Changing l was also found to affect the Poisson’s ratio. As shown in Figure 7, l = 7, 6, and 8 mm were considered. Although the Poisson’s ratio increased with d for all three l values, the range of the increase was different. The l = 6 mm model had the greatest range for the Poisson’s ratio (−0.1 to −0.5), followed by the l = 8 mm model (−0.2 to −0.4) and then the l = 7 mm model (−0.3 to −0.4). Thus, varying l or s affected the Poisson’s ratio of different models, and the trends were consistent. The most suitable Poisson’s ratio can be obtained by adjusting l or s. According to the design requirements of protective gear, the structure with the smallest variation in the Poisson’s ratio is the ideal choice. However, the simulation results still needed to be verified against the experimental results.

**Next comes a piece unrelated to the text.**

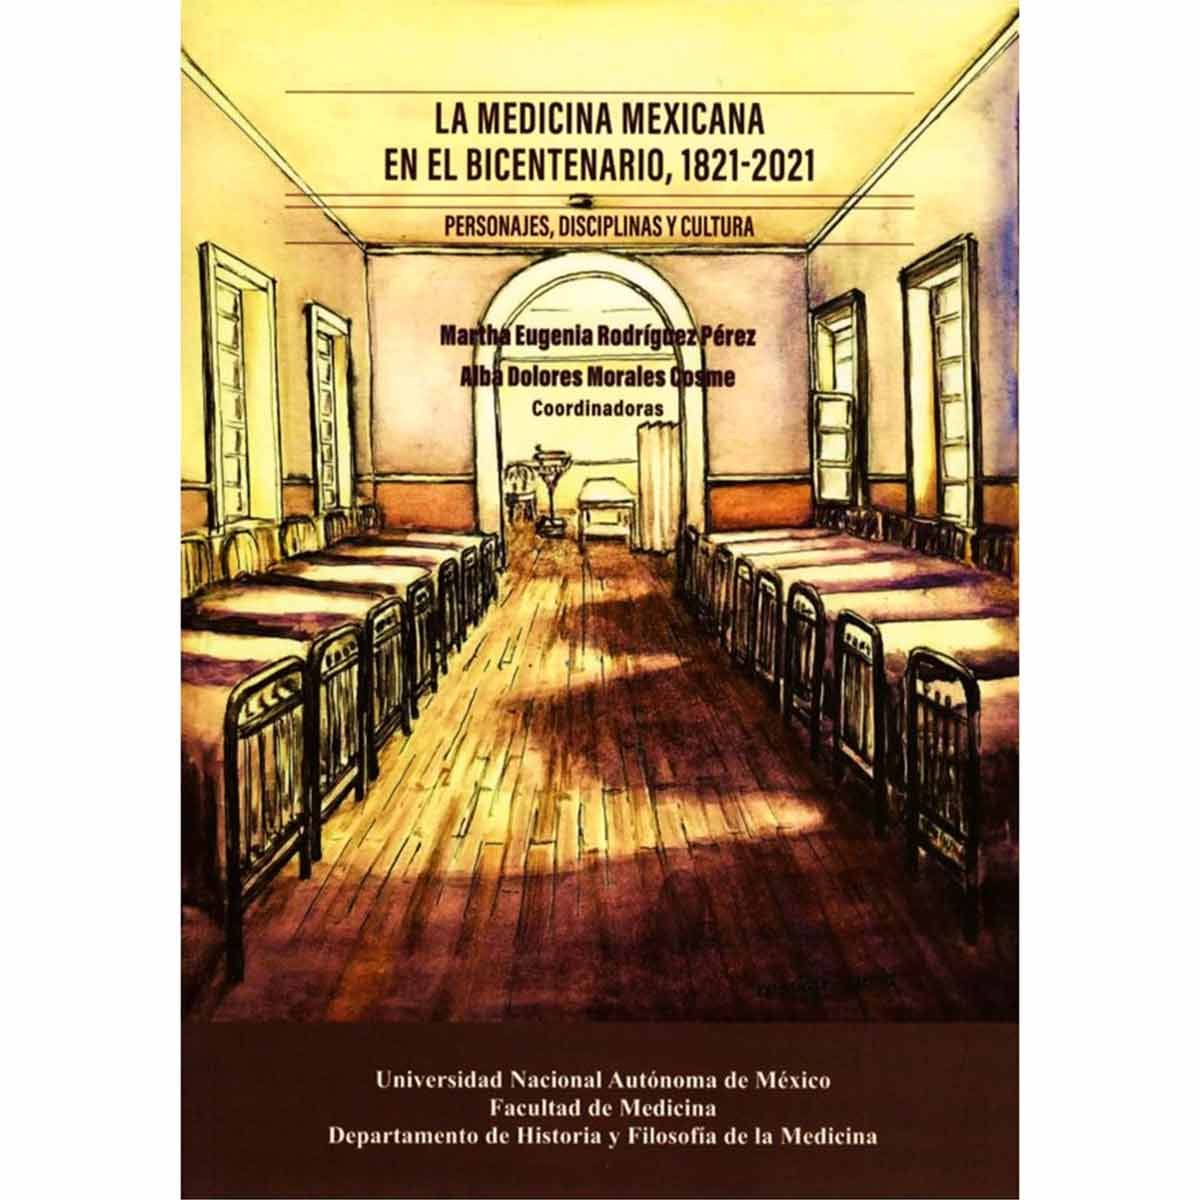 LA MEDICINA MEXICANA EN EL BICENTENARIO, 1821-2021
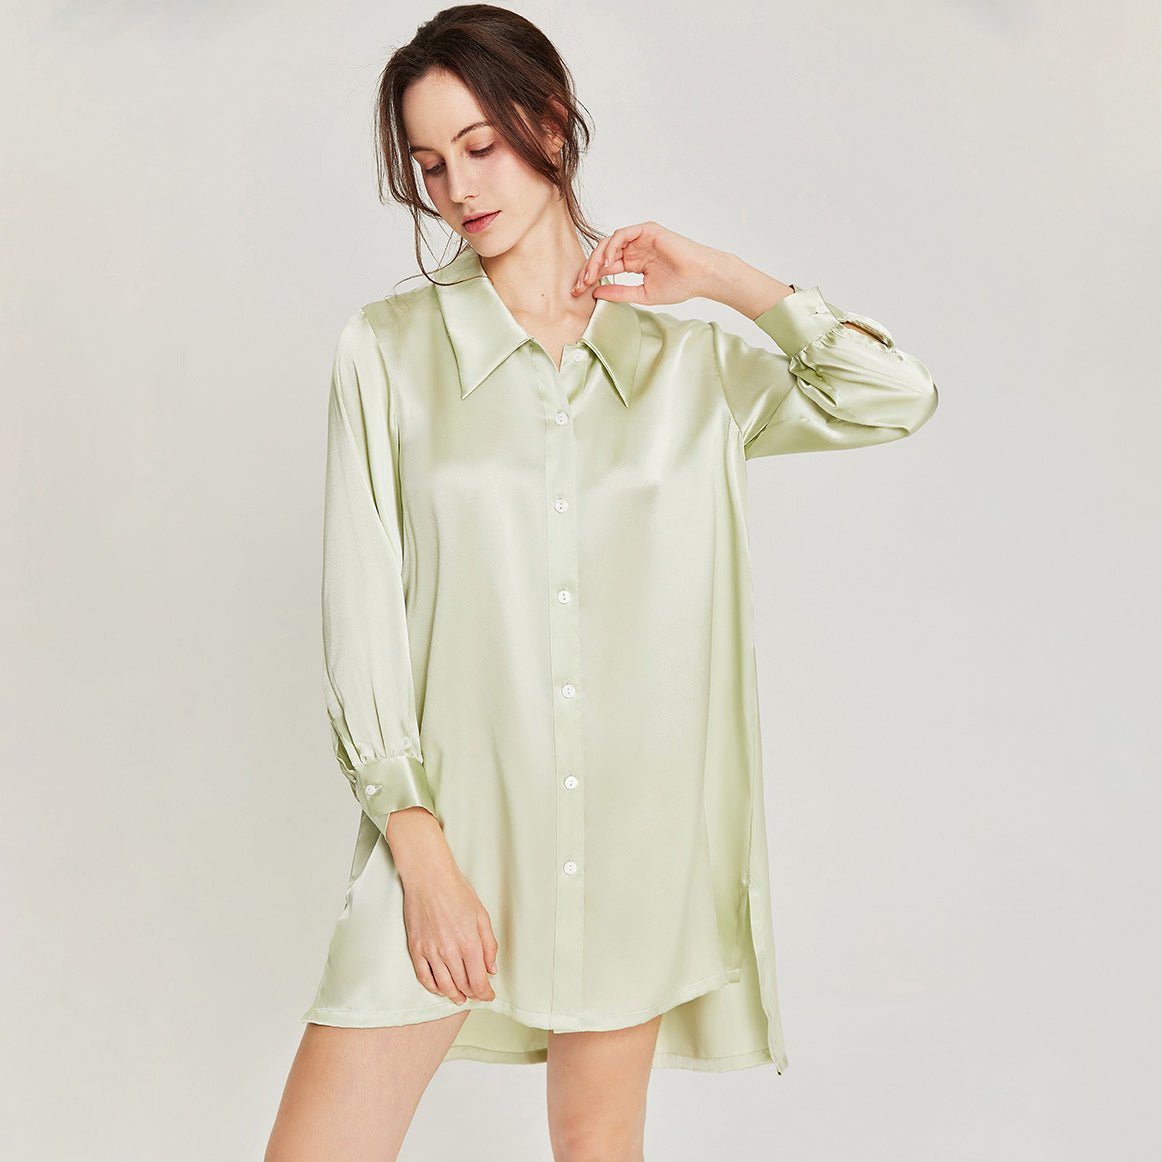 Women Classical Silk Sleep Shirt 100% Mulberry Silk Nightgown Sleep Dress - slipintosoft

The Poisson’s ratio was affected by the mesh size. Different mesh sizes were considered: 0.2, 0.3, 0.4, 0.5, 0.8, and 1. As an example, Figure 8 shows the relationship between the mesh size and Poisson’s ratio at d = 1 mm. Although the Poisson’s ratio decreased with increasing mesh size, the Poisson’s ratio remained the same at mesh sizes of 0.3 and 0.2 (−0.416). This indicates that a mesh size of 0.3 was conducive for calculation accuracy.

4.2. Experimental Results

Figure 5 shows that, in the elastic tensile range, the Poisson’s ratios at d′ = 0, 1, 2, 3, and 4 mm had mean values and standard deviations of −0.40 ± 0.04, −0.40 ± 0.05, −0.37 ± 0.04, −0.23 ± 0.05, and −0.25 ± 0.03, respectively. Figure 4a–c compares the stress–strain curves of three structures obtained in the tensile tests and simulations. The results showed that the simulated Poisson’s ratios were within the range of values obtained from five tensile tests of a specimen with the same structure. Thus, the simulation and experimental stress–strain curves showed good agreement. In other words, the Poisson’s ratios of the tensile test specimens in the elastic range were similar to those in the simulation results.

4.3. Discussion

The simulation and experimental results showed that the proposed auxetic made of TPU offers good energy absorption, which may help protective gear stabilize a joint. A joint protector made from an auxetic may be more flexible and comfortable than one made from traditional material. Different mechanical properties can be obtained by modifying the unit cell parameters as required. The proposed auxetic can be applied in assembling and designing products with a wide range of applicability in sports equipment, sports facilities, and protective gear [36,37,38].

5. Conclusions

An auxetic, where the unit cell contained a hollow circle with varying diameter, was proposed, and the properties were evaluated using FEM simulations and tensile tests. The simulation results showed that the Poisson’s ratio could be adjusted in the range of −0.43 to −0.27, and the experimental results showed good agreement with the simulation results. Adjusting θ and l subtly altered the Poisson’s ratio. Reducing θ decreased the Poisson’s ratio, but a smaller θ also greatly reduced the tensile strength of the structure. Reducing l also decreased the Poisson’s ratio, but the range of Poisson’s ratio increased for d = 0–5 mm. Therefore, θ and l should be adjusted according to the required tensile strength. Although the mesh size was found to have some influence on the Poisson’s ratio, a mesh size between 0.2 and 0.4 offered sufficient calculation accuracy. Further increasing the calculation accuracy would also increase the calculation time. The proposed auxetic is expected to be applicable to the design of joint protectors with varying structures and mechanical properties.